Is it the hotfixes, or the XS Tools? I know the tools have to be installed to run some of the stuff. (Like memory.)

jrc

@BRRABill said in Xenserver Space Woes:

@momurda said

In XenCenter, if your Xenserver is up to date with all hotfixes,

Is it the hotfixes, or the XS Tools? I know the tools have to be installed to run some of the stuff. (Like memory.)

Good point. The tools are not up to date. So I'll need to update them tonight, though I am looking at historical data from before I applied SP1 and the other updates.

momurda

You can also throw some io at a disk by copying a large file or lots of small files to a vm(do it twice at the same time if you want to see if you max out) to test your iops. Or reboot a few vms at the same time. My storage array hits 1500 or so before it starts to peak, iirc from some tests i did back in the winter. Though i do wonder if some of that isnt bound by us using a Gb network rather than 10Gb.![iscsi iops for my XS001 Xenserver host]( 0_1466533825240_upload-9dea6a0f-8cd9-4594-aa69-430e8b1b3c56 image url)
This shows the last ten minutes of iops for all SRs attached to my XS001 host. The purple iscsi3 is an SR; i booted a vm that lives there that nobody ever uses.

jrc

So my IOPs seem to be jumping between 0 and 900k fairly quickly. But the Queue size seems to stay between 0 and 1, with the latency very low (near zero) as well. Network traffic is well under 1MBps. This is from the performance meters on the Xen master host.

scottalanmiller

@jrc said in Xenserver Space Woes:

So my IOPs seem to be jumping between 0 and 900k fairly quickly. But the Queue size seems to stay between 0 and 1, with the latency very low (near zero) as well. Network traffic is well under 1MBps. This is from the performance meters on the Xen master host.

Basically what that is telling me is that you have plenty of IOPS in reserve and you are never demanding more from it than it can provide. Those numbers are basically showing your storage as "idle" and ready for whatever you want to throw at it.

jrc

@scottalanmiller said in Xenserver Space Woes:

@jrc said in Xenserver Space Woes:

So my IOPs seem to be jumping between 0 and 900k fairly quickly. But the Queue size seems to stay between 0 and 1, with the latency very low (near zero) as well. Network traffic is well under 1MBps. This is from the performance meters on the Xen master host.

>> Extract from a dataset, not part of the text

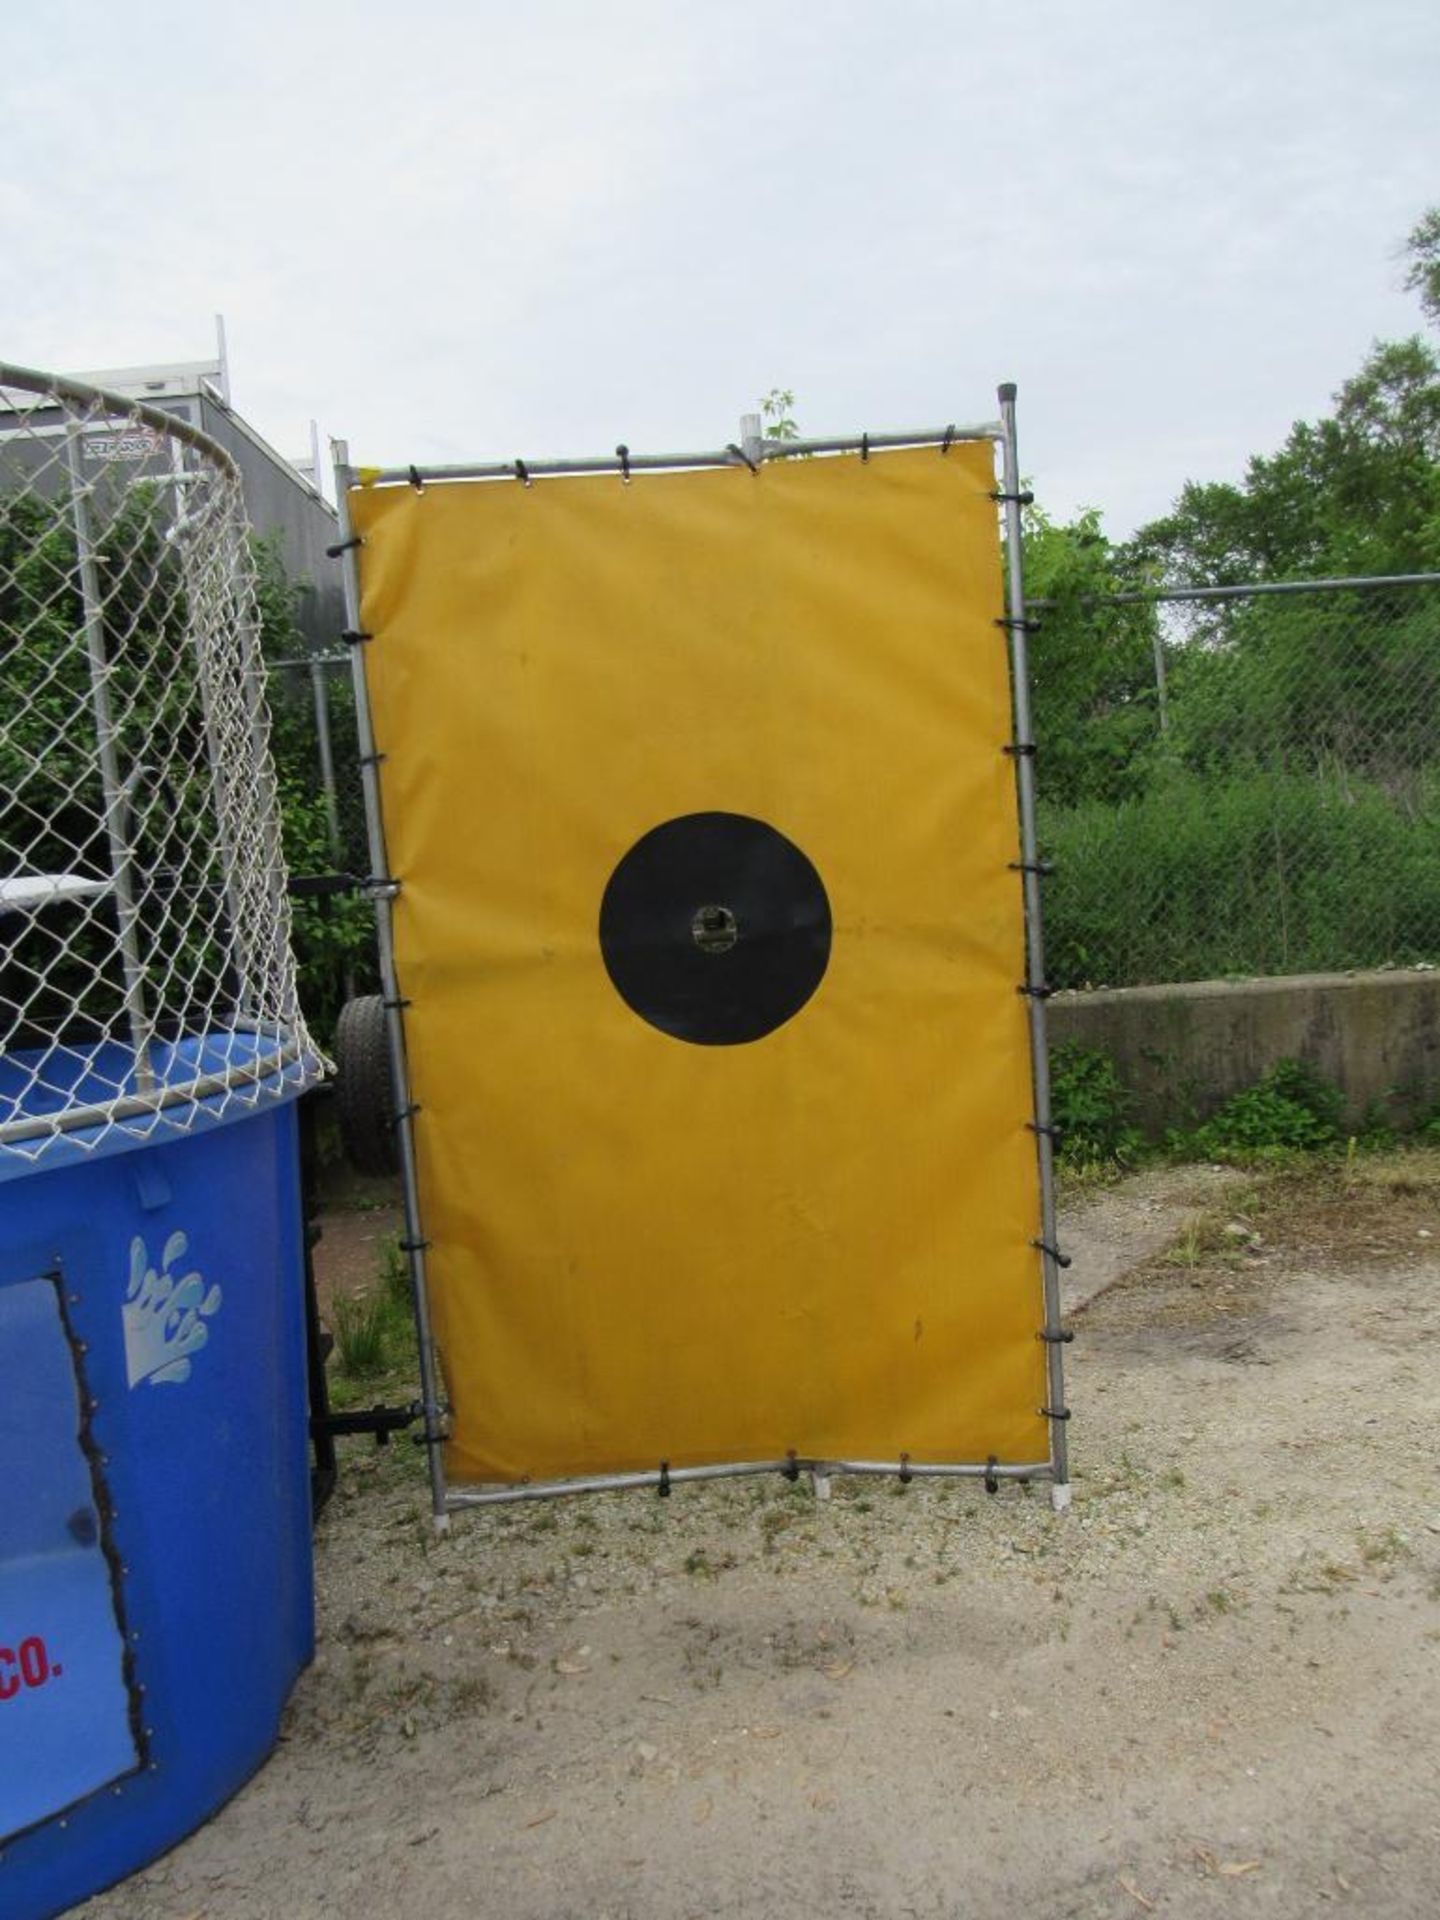 Dunk Tank Trailer mounted - includes bucket of balls, target and activation arm. See Lot 24A Misc. D - Image 2 of 4
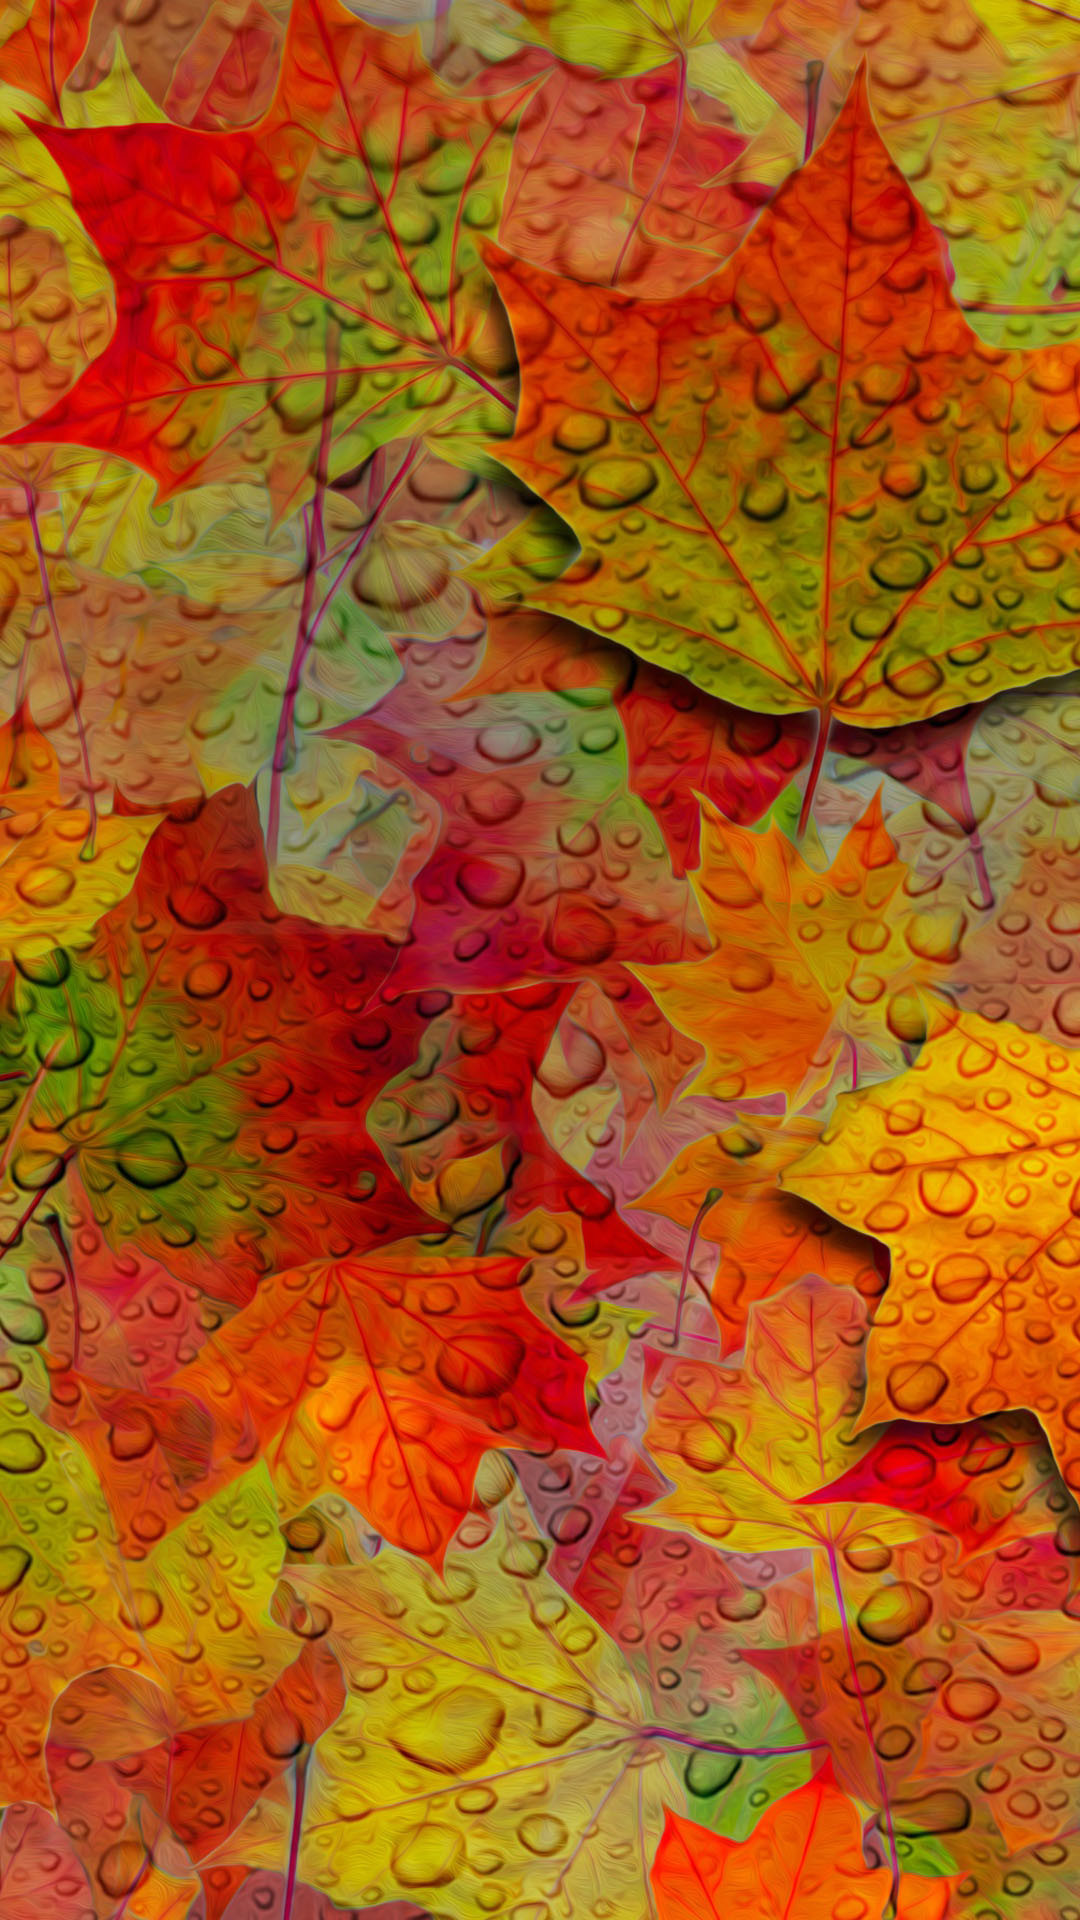 1080x1920 fall leaves hd wallpapers for your iphone 6 iphone 6 plus and iphone .

Basically what that is telling me is that you have plenty of IOPS in reserve and you are never demanding more from it than it can provide. Those numbers are basically showing your storage as "idle" and ready for whatever you want to throw at it.

Ok, so my gut on that was right. Then I need to work out why the leaf quiescence thingy is timing out, since it appears to not be a disk IO thing.

jrc

I fixed it! Shut down the VM, then ran an offline quiescence and that did it:

xe host-call-plugin host-uuid=<Host UUID> plugin=coalesce-leaf fn=leaf-coalesce args:vm_uuid=<VM UUID>

It did take about 45 minutes, but once it was done the space was free. Xencenter is now happily reporting the used space as 4127Gb and a virtually assigned is 4115Gb, it's not perfect, but I'll take it!

scottalanmiller

Awesome, glad that that fixed things.